Open MPI User's Mailing List Archives

  |   Home   |   Support   |   FAQ   |   all Open MPI User's mailing list

Subject: Re: [OMPI users] newbie: Submitting Open MPI jobs to SGE ( `qsh, -pe orte 4` fails)
From: Reuti (reuti_at_[hidden])
Date: 2013-02-11 10:50:54


Am 11.02.2013 um 12:26 schrieb Pierre Lindenbaum:

> <snip>
> and I've changed `shell_start_mode posix_compliant` to `unix_behavior ` using `qconf -mconf`. (However, shell_start_mode is still listed as posix_compliant )

AFAIK this is deprecated on the configuration level, as it moved to the queue definition `qconf -mq all.q`.

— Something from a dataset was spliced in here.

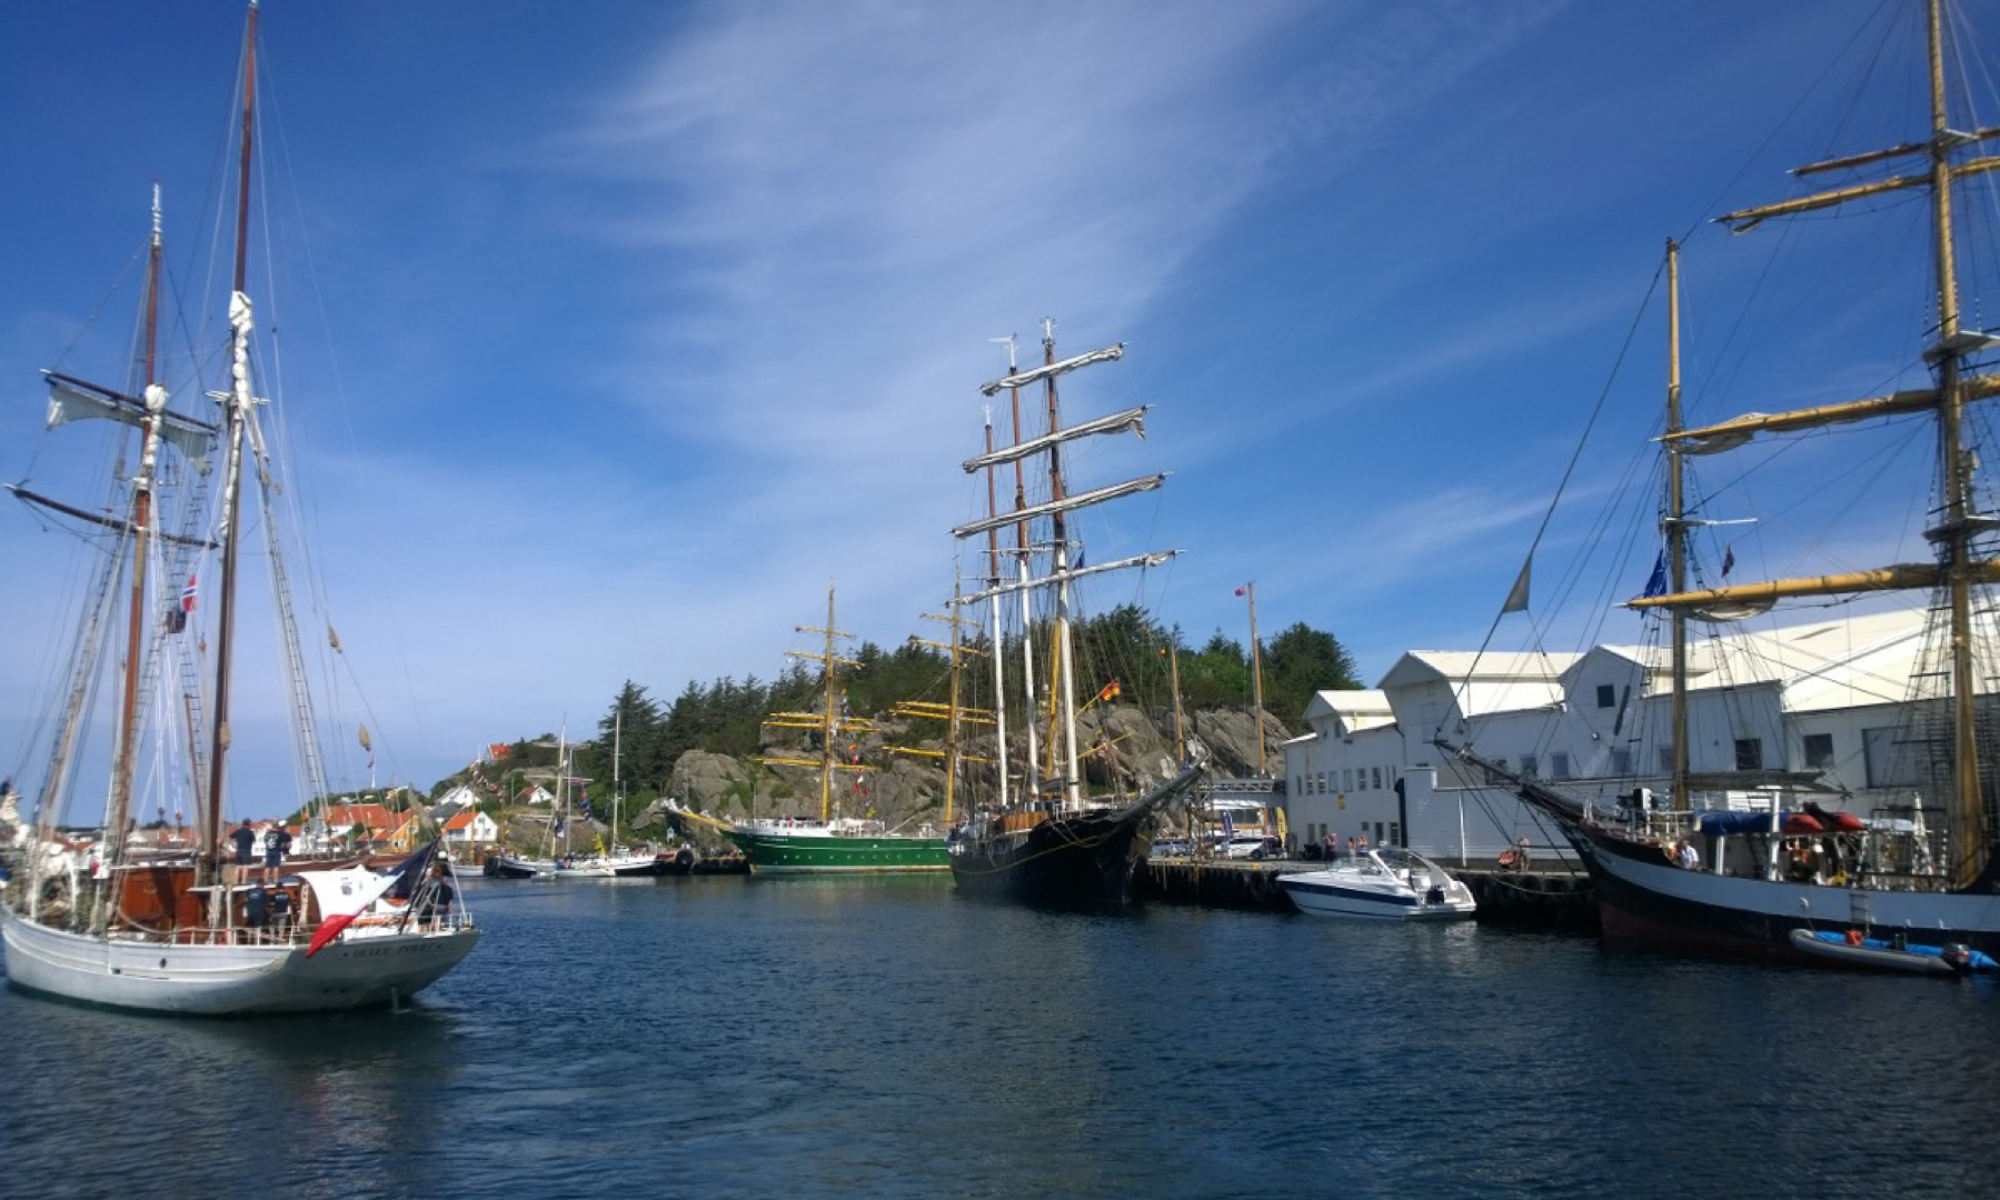 CinC 2018 Skudeneshavn

> Now, qsh -pe orte 4 works
>
> qsh -pe orte 4

A plain `qsh` is working for you? This is an old startup method due to the insecure X11 startup it shouldn't be used any longer IMO.

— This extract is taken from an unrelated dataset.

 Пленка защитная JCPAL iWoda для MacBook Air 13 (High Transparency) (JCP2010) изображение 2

> Your job 84581 ("INTERACTIVE") has been submitted
> waiting for interactive job to be scheduled ...
> Your interactive job 84581 has been successfully scheduled.
>
>
> (should I run that command before running any a new mpirun command ?)
>
> when invoking:
>
> qsub -cwd -pe orte 7 with-a-shell.sh
> or
> qrsh -cwd -pe orte 100 /commun/data/packages/openmpi/bin/mpirun /path/to/a.out arg1 arg2 arg3 ....
>
> that works too ! Thank you ! :-)
>
>
> queuename qtype resv/used/tot. load_avg
> arch states
> ---------------------------------------------------------------------------------
> all.q_at_node01 BIP 0/15/64 2.76 lx24-amd64
> 84598 0.55500 mpirun lindenb r 02/11/2013 12:03:36 15
> ---------------------------------------------------------------------------------
> all.q_at_node02 BIP 0/14/64 3.89 lx24-amd64
> 84598 0.55500 mpirun lindenb r 02/11/2013 12:03:36 14
> ---------------------------------------------------------------------------------
> all.q_at_node03 BIP 0/14/64 3.23 lx24-amd64
> 84598 0.55500 mpirun lindenb r 02/11/2013 12:03:36 14
> ---------------------------------------------------------------------------------
> all.q_at_node04 BIP 0/14/64 3.68 lx24-amd64
> 84598 0.55500 mpirun lindenb r 02/11/2013 12:03:36 14
> ---------------------------------------------------------------------------------
> all.q_at_node05 BIP 0/15/64 2.91 lx24-amd64
> 84598 0.55500 mpirun lindenb r 02/11/2013 12:03:36 15
> ---------------------------------------------------------------------------------
> all.q_at_node06 BIP 0/14/64 3.91 lx24-amd64
> 84598 0.55500 mpirun lindenb r 02/11/2013 12:03:36 14
> ---------------------------------------------------------------------------------
> all.q_at_node07 BIP 0/14/64 3.79 lx24-amd64
> 84598 0.55500 mpirun lindenb r 02/11/2013 12:03:36 14
>
>
>
> OK, my first openmpi program works. But as far as I can see: it is faster when invoked on the master node (~3.22min) than when invoked by means of SGE (~7H45):

It's 7:45 to 3:32 - both in minutes:seconds, or?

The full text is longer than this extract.